Nonlinear Mesh Adaptivity

One way to improve the mesh is to use the nonlinear mesh adaptivity feature. A wear-based contact criterion triggers nonlinear mesh adaptivity whenever the mesh is distorted. The critical ratio between the amount of wear and the underlying solid element’s height is user-defined. When the criterion is reached, nonlinear mesh adaptivity is triggered.

Both the asymmetric example and the symmetric example use nonlinear mesh adaptivity, which requires the following steps:

Create a component that contains the contact elements that are undergoing wear.
Issue NLADAPTIVE to trigger adaptivity based on a wear criterion.

In both examples, the component name is “conreal”, and the following command triggers mesh adaptivity:

NLADAPTIVE,conwearel,add,contact,wear,0.50   ! Wear criterion is 50% of element height.

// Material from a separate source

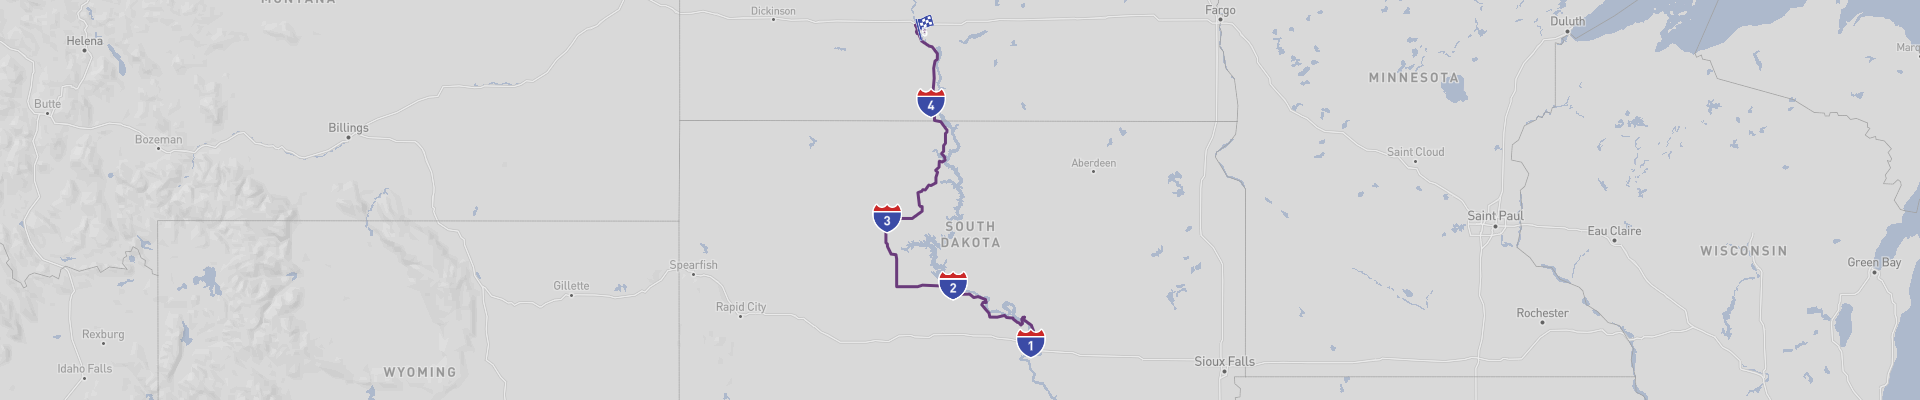 Dakotas Classic Road Trip

In this case adaptivity occurs whenever wear at any contact point exceeds 50% of the average height of the solid element underlying the contact element. Each time the criterion is reached, the analysis is stopped, the mesh quality is improved by morphing the mesh, history-dependent variables and boundary conditions are mapped, and the analysis is restarted with an improved mesh. This process is done automatically.

Manual Rezoning

Manual rezoning is another method that enables you to remesh the distorted mesh and continue the wear simulation with an improved mesh. This method, which requires more user intervention, is demonstrated in the user-defined wear example input file (see Input Files).